Using the listing below, set down exactly the lines from the one that contains "Beauty is who" through the one that contains "Caligula Was The", with no pictures.

INPUT MATERIAL:
[Start of Attachment]

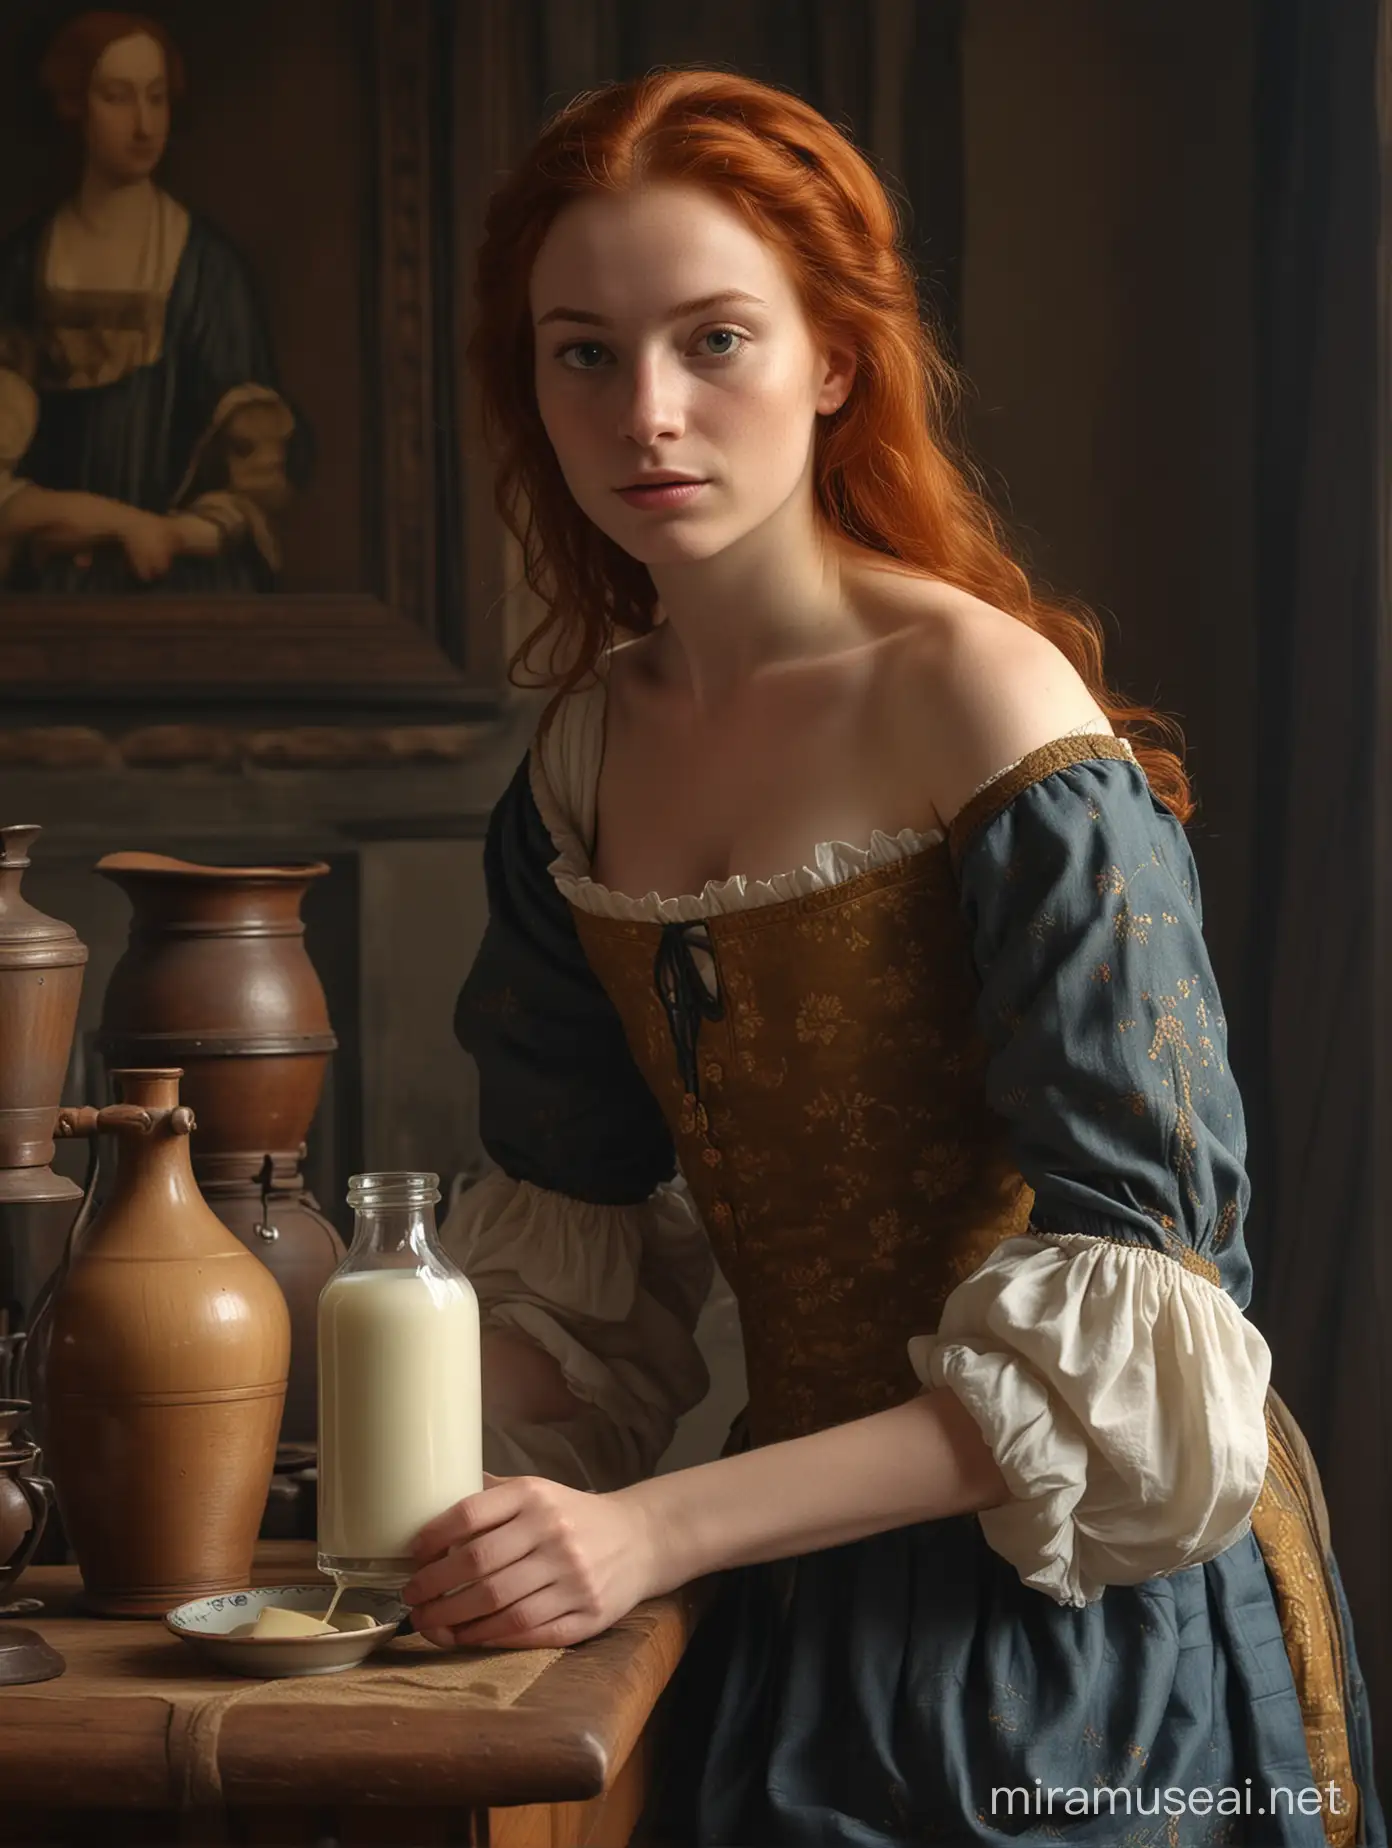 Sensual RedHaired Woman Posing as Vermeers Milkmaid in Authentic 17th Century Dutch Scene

[End of Attachment]
[Start of Attachment]

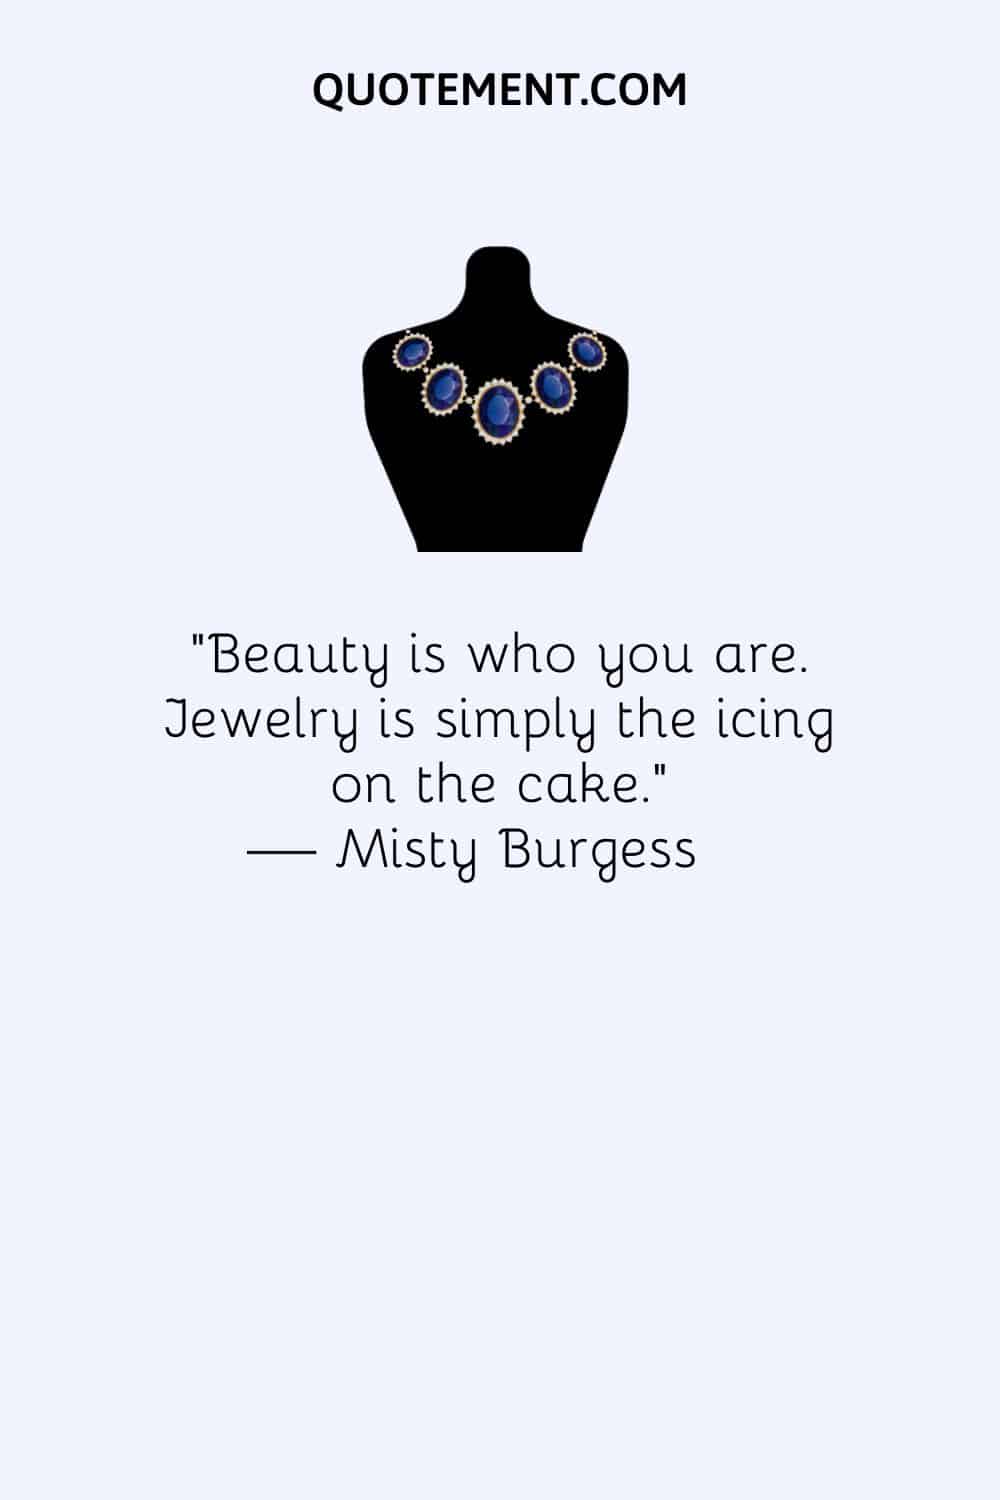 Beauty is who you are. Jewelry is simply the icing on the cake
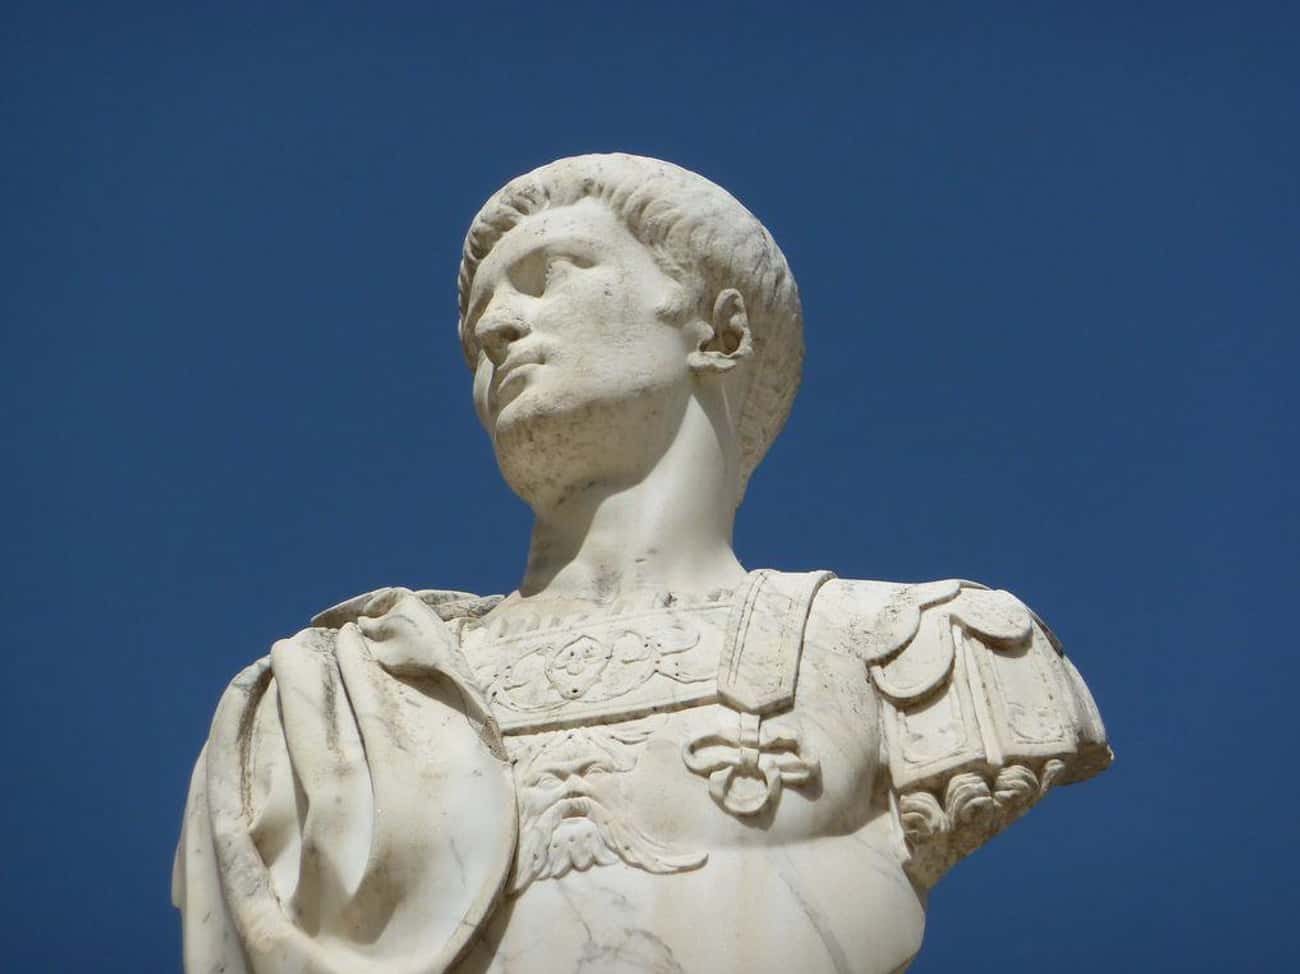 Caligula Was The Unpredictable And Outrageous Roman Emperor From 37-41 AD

[End of Attachment]

PROBLEM SOLUTION:
 Beauty is who you are. Jewelry is simply the icing on the cake
 Caligula Was The Unpredictable And Outrageous Roman Emperor From 37-41 AD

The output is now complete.